Asked then whether there really was a market for cameras that were not integrated into mobile phones, Mr Jones said: "The amateur photographer, you wouldn't see them walking down the street taking that perfect picture with a mobile phone."

But interest did not live up to his expectations.

He forecasted sales of at least £80m in the first year under his control. But he failed to turn around the group's performance and the firm reported lacklustre turnover of £57.9m for the period.

However, in 2016, the firm's revenues did reach £80.3m. The next year they surpassed £95m before dipping slightly amid tough trading conditions on the High Street.

The chain is the latest High Street brand to acknowledge tough trading conditions.

Last year, big chains such as Toys R Us, Maplin and Poundworld collapsed and vanished altogether.

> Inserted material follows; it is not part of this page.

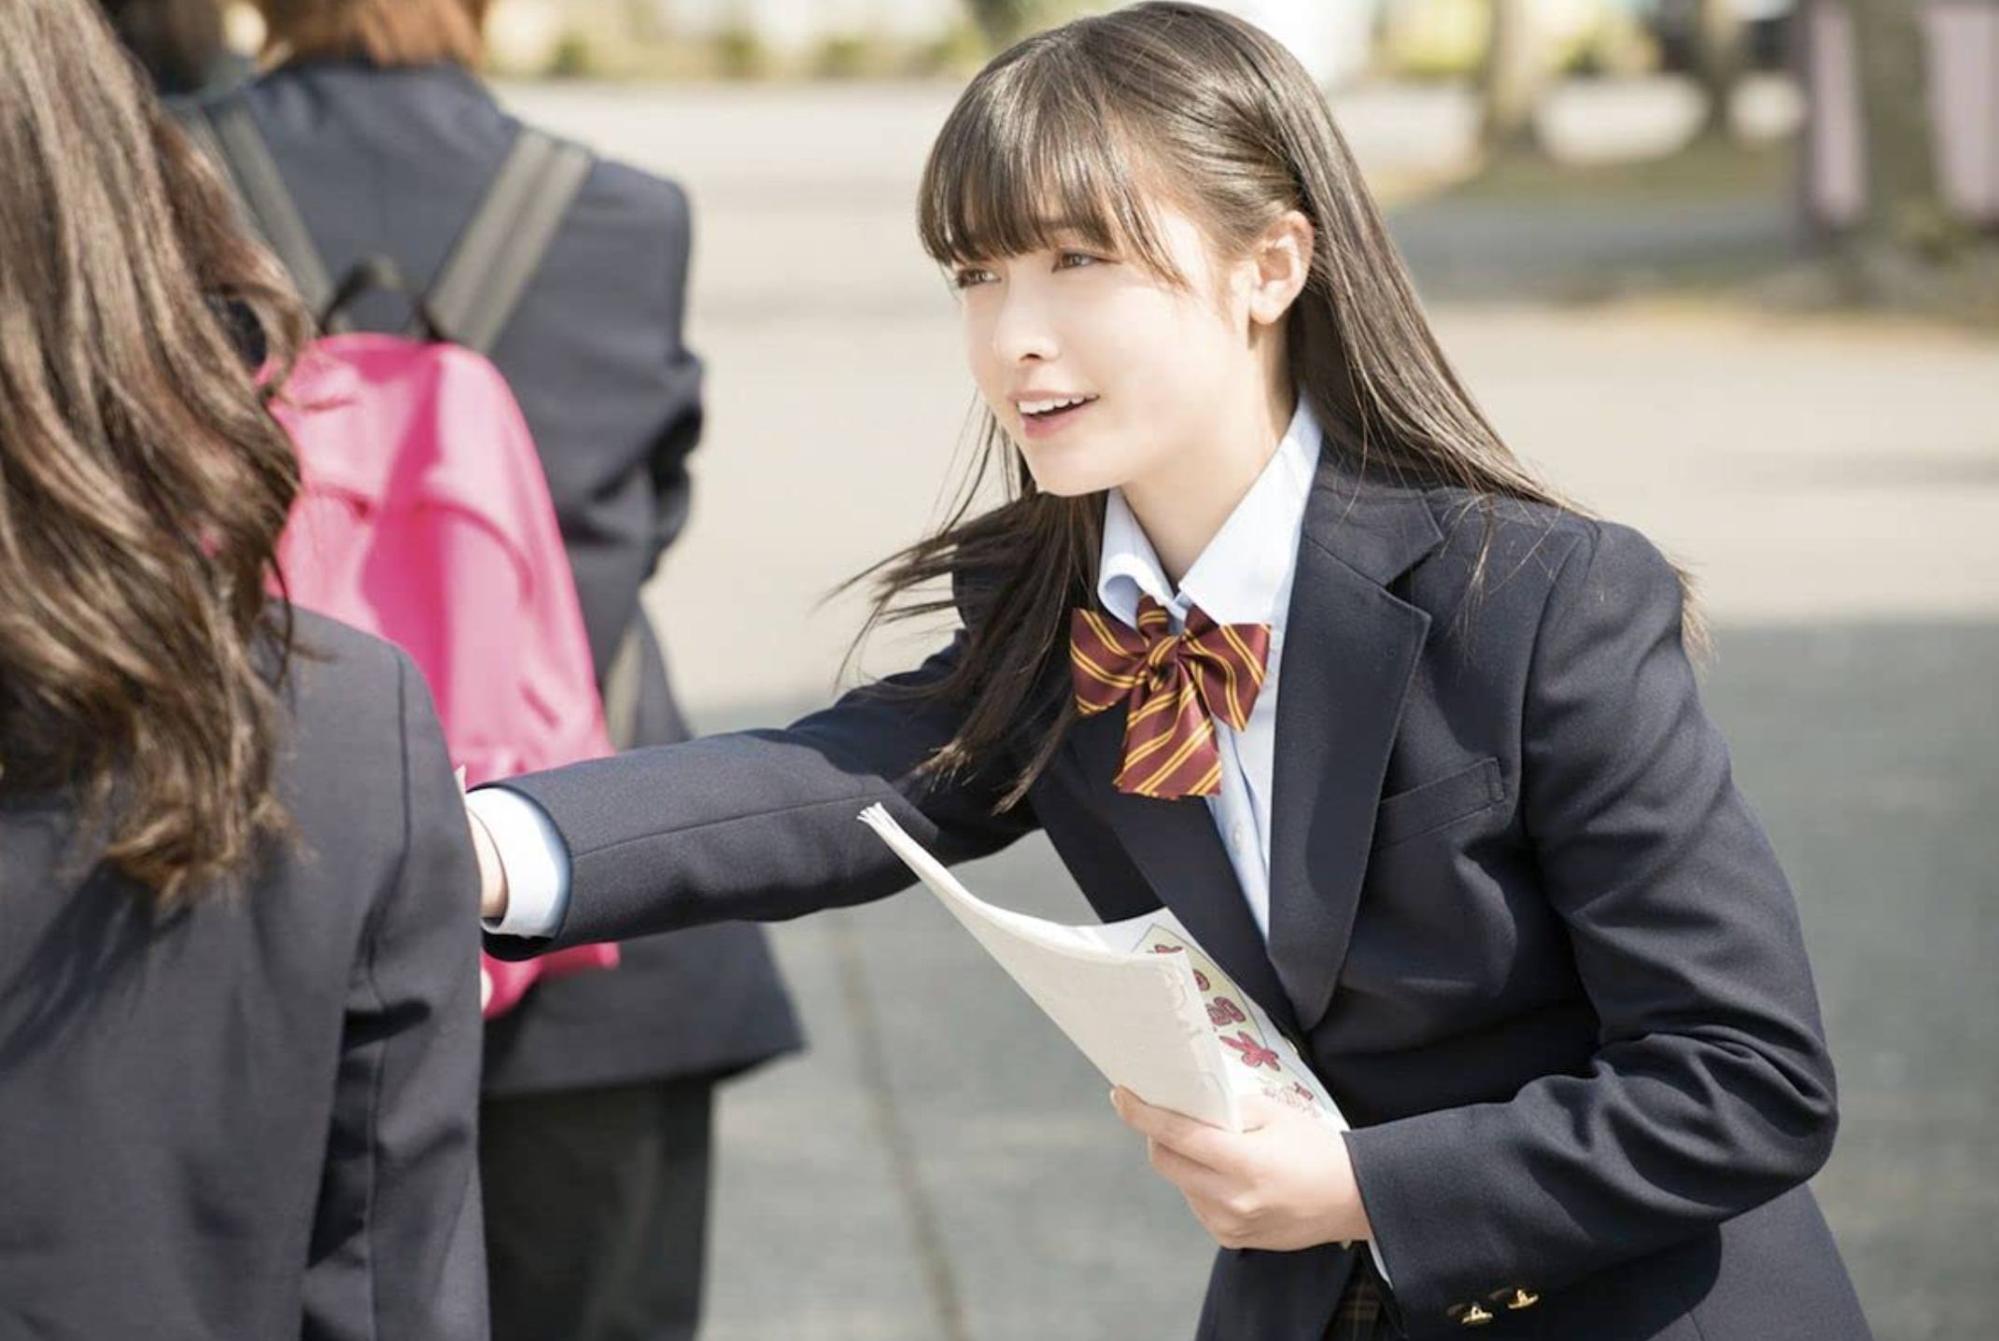 Japanese high school romance movies - Haruta & Chika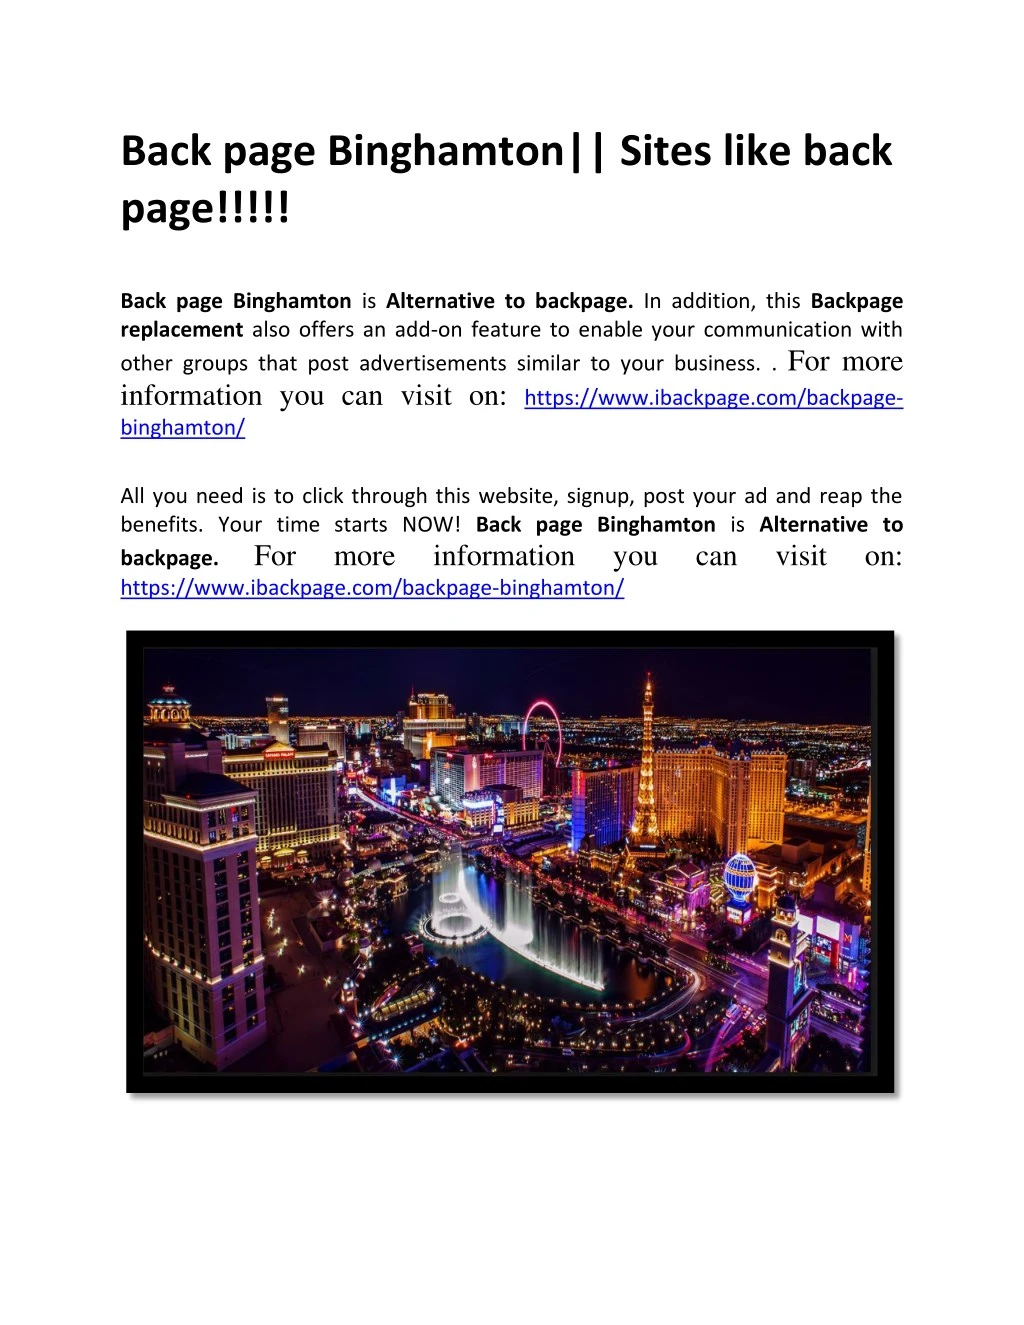 back page binghamton sites like back page back

Others such as Homebase, Mothercare, Carpetright and New Look did restructuring deals with their landlords, closing hundreds of shops between them.

Who is Peter Jones?

  • The serial entrepreneur's first venture was to start a tennis coaching school, after spending his summers working at a tennis academy run by his English teacher

  • That gave him a taste for the world of business and, in his 20s, he started a computer business. That allowed him "a nice house, a BMW, a Porsche, and plenty of money to spend", he later wrote

  • But the good times didn't last forever and the firm went under after a number of its biggest customers went bust, forcing Mr Jones to move back in with his parents aged 29. He went to work for Siemens UK and a year later was running its UK computer business

  • But he didn't remain an employee for long and in 1998, he started Phones International, which made him millions and earned him a seat as an investor on the BBC's Dragon Den

  • On the show, he invested a total of £4,085,667 in firms including Levi Roots, known for its Reggae Reggae Sauce.